LIONELLO BALESTRIERI - He was a famous painter who won the First Prize at the Universal Exhibition in Paris. He was really a great painter: both art experts and his fellow citizens appreciated his works. At the beginning he was one of the unknown artists living in Paris at the end of the 19th century. Then he suddenly got fame and success: his painting “Beethoven” won the first price at the Universal exhibition in Paris (1900). So he had new chances: he came back to Italy and became director of the Museum and School of Industrial Art. In 1937, he retired and settled in Cetona, where he kept on painting his friends’ portraits and Tuscan landscapes until his death. In 1998 the Foundation Balestrieri was founded in Cetona with the aim to promote cultural initiatives and events.
PIERO CARBONETTI - He was an illegitimate child, maybe the result of a Cetonese nobleman’s casual affair. He was sure of his condition: so he often went to his presumed father’s villa and claimed to be aknowledged. It was a really embarassing situation.......Therefore, he was sent away from Cetona, then he was emprisoned for disturbance.
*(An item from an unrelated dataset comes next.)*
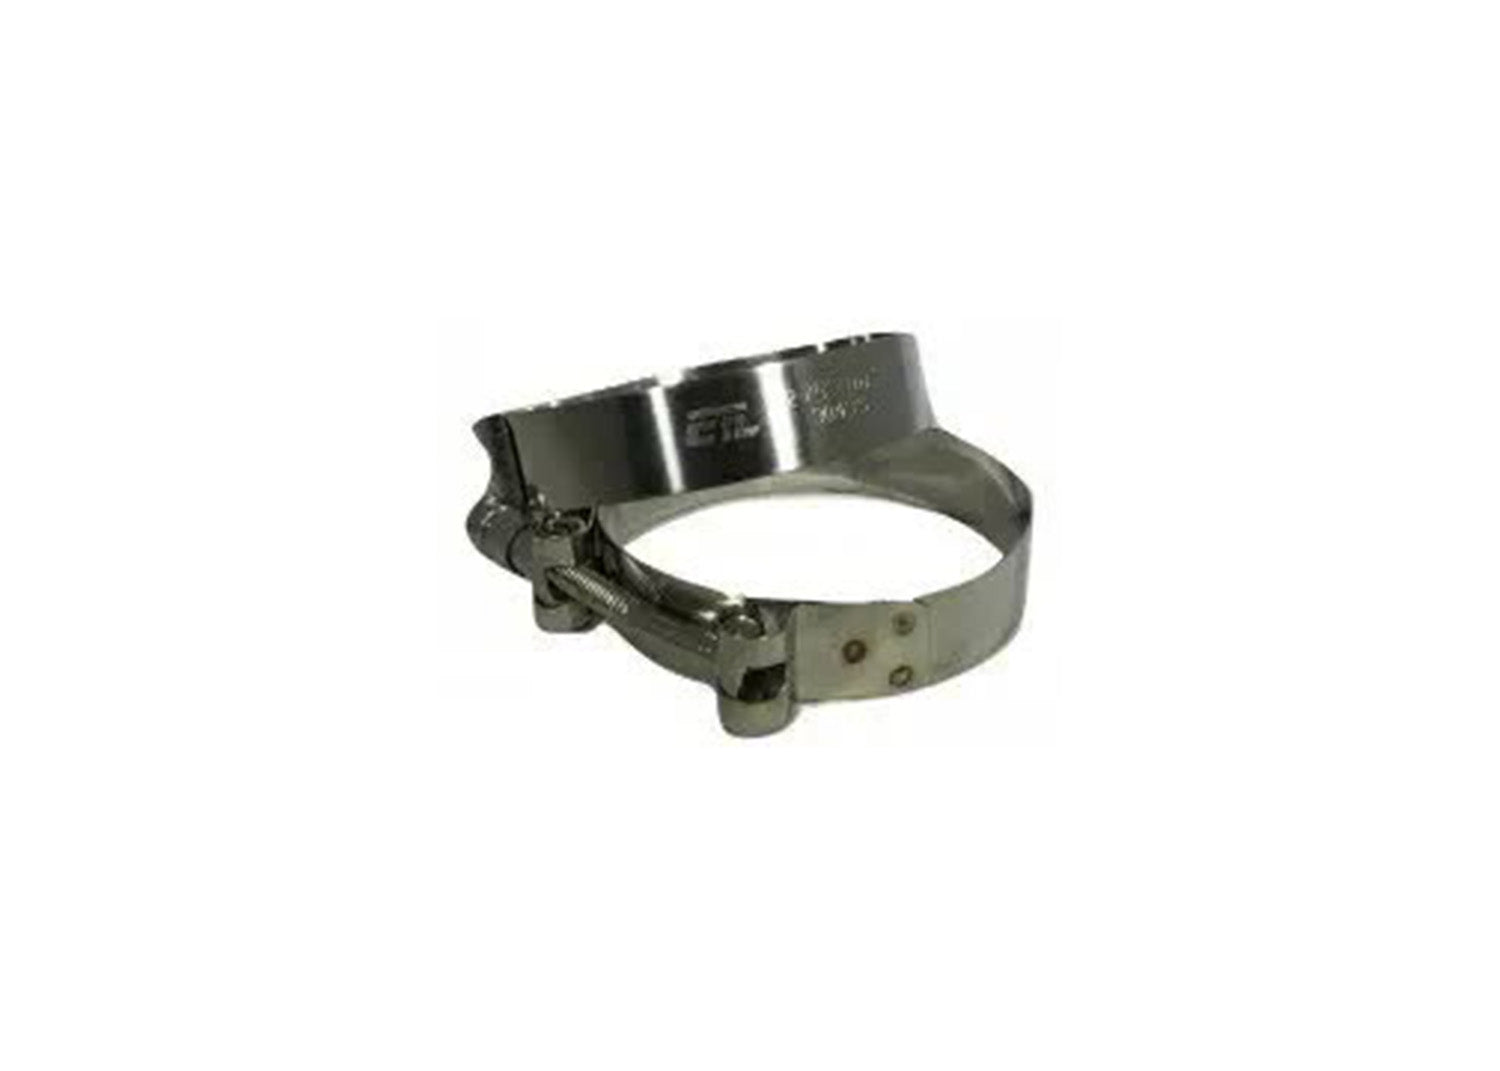 T-Bolt Clamp for use with 3.50" or 3.75" Inside Diameter Hose Coupling Part Number- 221011

Later he was embarked on a ship to Latin America. When nobody thought of him anymore, he came back to Cetona at the rhythm of his tin drum, followed by his dogs and the village children. Carbonetti was a costant presence in the life of the Valdichiana villages, first of all Cetona and Sarteano. He had no regular job (sometimes he mended umbrellas) and lived thanks to the people’s solidarity. He was a great walker: he slept under the stars in summer and in the farm woodburning ovens to protect himself from the cold, in winter.You could often find him at the Finoglio tavern in Cetona, sitting on the steps, surrounded by his dogs. He told he had been Garibaldi’s mascot, but nobody knows for sure. It is certain he was the Bersaglieri’s mascot in Siena: they gave him hospitality and new clothes. He missed his family and suffered for the persecution from the public authorities of the time. There is still the clang of his tin drum in the air!
LUCA CONTILE - Man of letters and courtier, he was born in Cetona in 1507. He studied in Siena, but improved his education in Bologna and Rome, where he became cardinal Agostino Trivulzio’s secretary. He was one of the members of the “Accademy of Virtues” and wrote numerous treatises. Ferdinando Gonzaga, governor in the State of Milan, appointed him as a secretary at the Worms Diet. Later Don Ferrante Gonzaga sent him to Poland on a diplomatic mission (1550). He first went to the Cardinal’s court in Trento in 1552 and then to general Sforza Pallavicino’s in Venice six years later. In 1560 he moved to Pavia, where he became commissary of the civil and rural surveys. He was also one of the members of the “Accademia degli Affidati”: he wrote two volumes of letters, the “Rhymes”, the history of England and translated Virgil. His political letters to the Republic of Siena prove he was one of the most enlightened men of his time. He died in Pavia when he was 67 and was buried in the Church of San Francesco. We have information neither about his Cetonese family nor his house. Being a man of science, a philosopher, an eminent historian and a diplomat, he was honoured by princes and cardinals who he helped in hard missions. Contile, who left Cetona as a young man, never came back both for his numerous commitments and his disagreements with his townsmen.